О ком это она? А, о сыне.
— Слава богу. — Соня приобняла ее, и они пошли рядом.
В Иркином магазинчике, знаменитой сретенской скупке, было тихо. Бабы сосредоточенно перебирали уцененное шмотье с чужого плеча. Резко пахло дешевыми духами, ветхой вискозой, старыми шубами, облезлыми лисами, старушечьей цигейкой.
— Ира, закрой меня где-нибудь, — внезапно попросила Соня. — У себя в кабинете, что ли. На час. И не выпускай, даже если я тебя попрошу.
— Пошли, — кивнула Ирка, не удивившись. Она сегодня была веселая, легкая, на подъеме. Сын невредим, он в безопасности. — Пошли, запру, как скажешь. Я тебя даже связать могу на радостях, хочешь? К батарее тебя прикую, птичку мою. Бога ради! — И она счастливо рассмеялась, ведя Соню в свой кабинетик.
В кабинете у Ирки вечно толклись какие-то пожилые перекупщицы, на столе всегда лежал польский журнал «Урода» за восьмидесятый год… Он и сейчас тут валялся, а вот перекупщиц, слава богу, не было.
Соня опустилась на стул. На казенных настенных часах четырнадцать двадцать. Через сорок минут Андре подойдет к Главпочтамту. Будет ждать ее, Соню. Не дождется.
— Не передумала? — Ирка подбросила связку ключей на ладони. — Закрывать?

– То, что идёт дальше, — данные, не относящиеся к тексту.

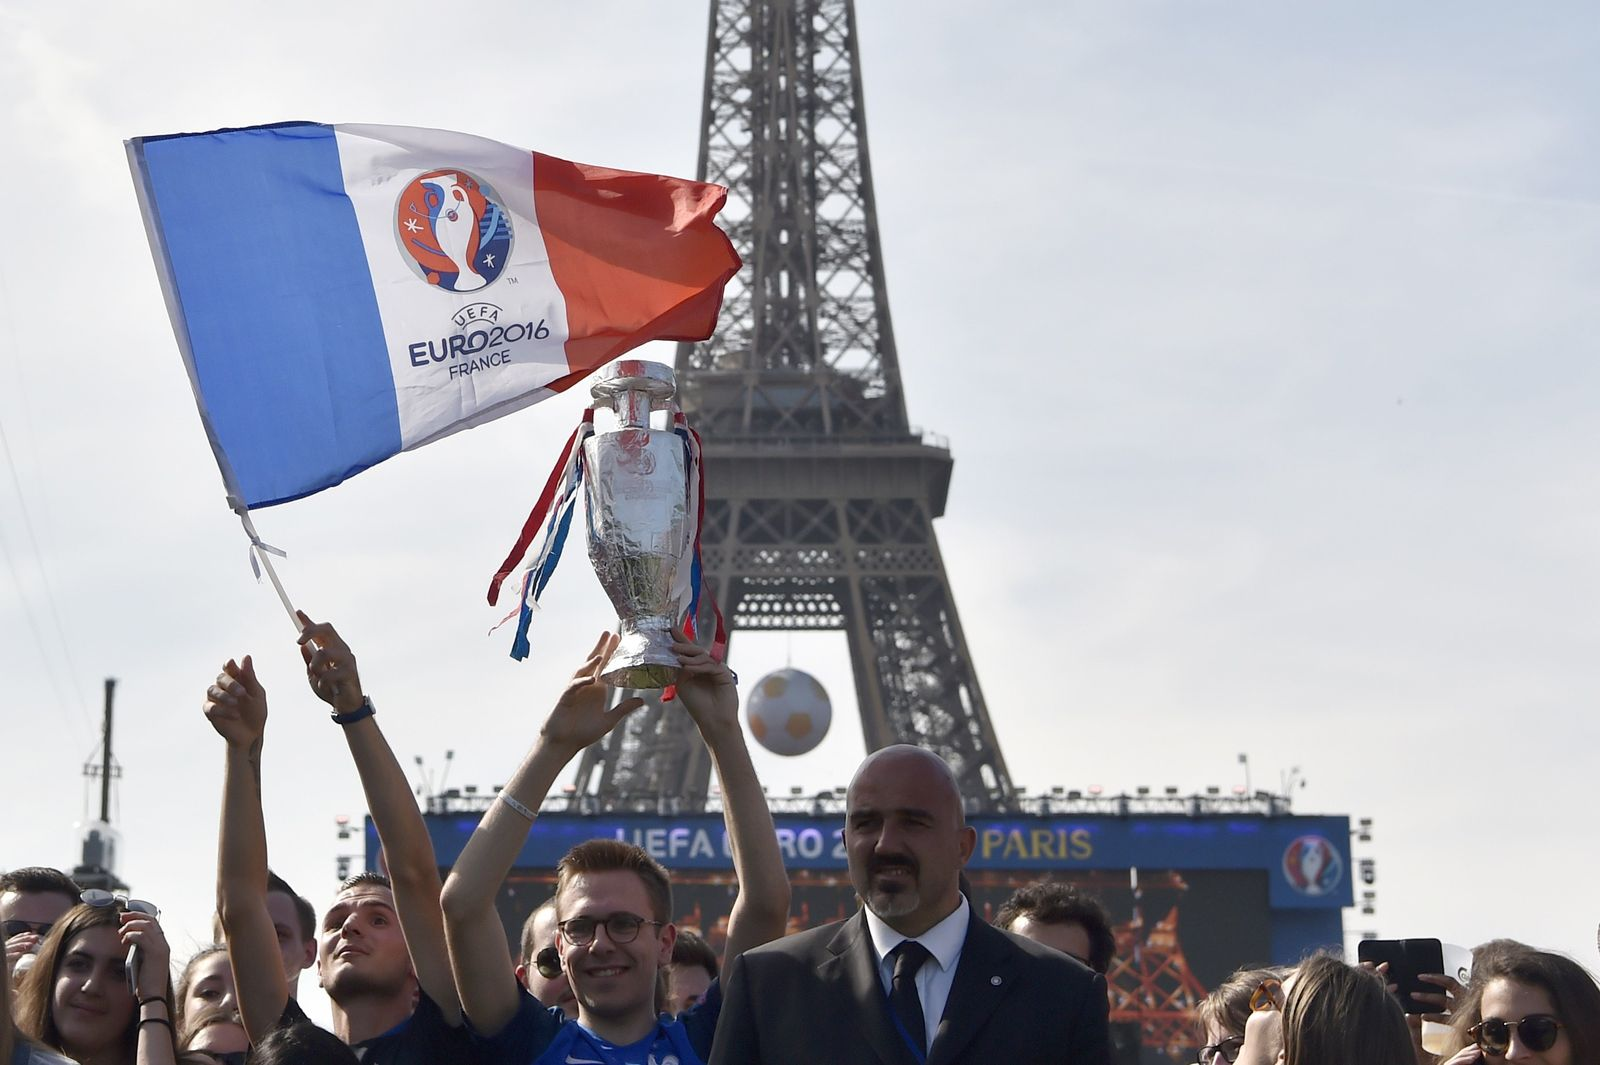 FBL-EURO-2016-FRA-FANZONE

— Закрывай, — кивнула Соня.
— Но расскажешь потом зачем?
— Расскажу. Закрывай. И уходи. Через час откроешь.
— Мадри-ид! — протянула Ирка, повнимательней приглядевшись к подруге. Соня сидела перед ней, обхватив ладонями плечи, бледная, собранная, сама на себя не похожая.
Ирка закрыла дверь и ушла.
Четырнадцать тридцать четыре. Журнал, что ли, полистать? «Урода». Вся жизнь твоя, Соня, урода. И сама ты урода. Он уже стоит под колоннадой старинного московского почтамта, рассматривает узорные стены китайской пагоды, чайного магазинчика, где раз в неделю Соня покупает свежемолотый кофе, двести граммов, не больше. Такое наслаждение — осторожно приоткрыть тонкий шуршащий пакетик и вдохнуть…
А других никаких наслаждений ты, урода, не знаешь.
Четырнадцать сорок две. Соня вскочила со стула. Что, в дверь кулаком молотить? Сначала — закрой меня, потом — отвори немедля? Стыдно. Что же делать?
Окно открыто. Этаж первый — не расшибешься. Оконный проем затянут тонкой проволочной сеткой.
Размышляя, Соня выдвинула, один за другим, рассохшиеся ящики Иркиного старого двухтумбового стола и на дне самого нижнего ящика нашла огромные портняжные ножницы.
Остервенело, с каким-то ожесточенным азартом она принялась рвать в клочья проволочную сетку тупыми тяжелыми ножницами. Ирка ее убьет.
Четырнадцать пятьдесят.
Соня спрыгнула вниз, на пыльную сретенскую траву, выгоревшую от солнца, и выскочила на Сретенку. Пересекла ее на красный свет — гори все огнем.
Надежда Константиновна Крупская, бронзовая Надя, замерла посреди бульвара, преградив Соне путь. Соня решительно обошла ее справа. Теперь — бегом, опрометью, иначе не успеть!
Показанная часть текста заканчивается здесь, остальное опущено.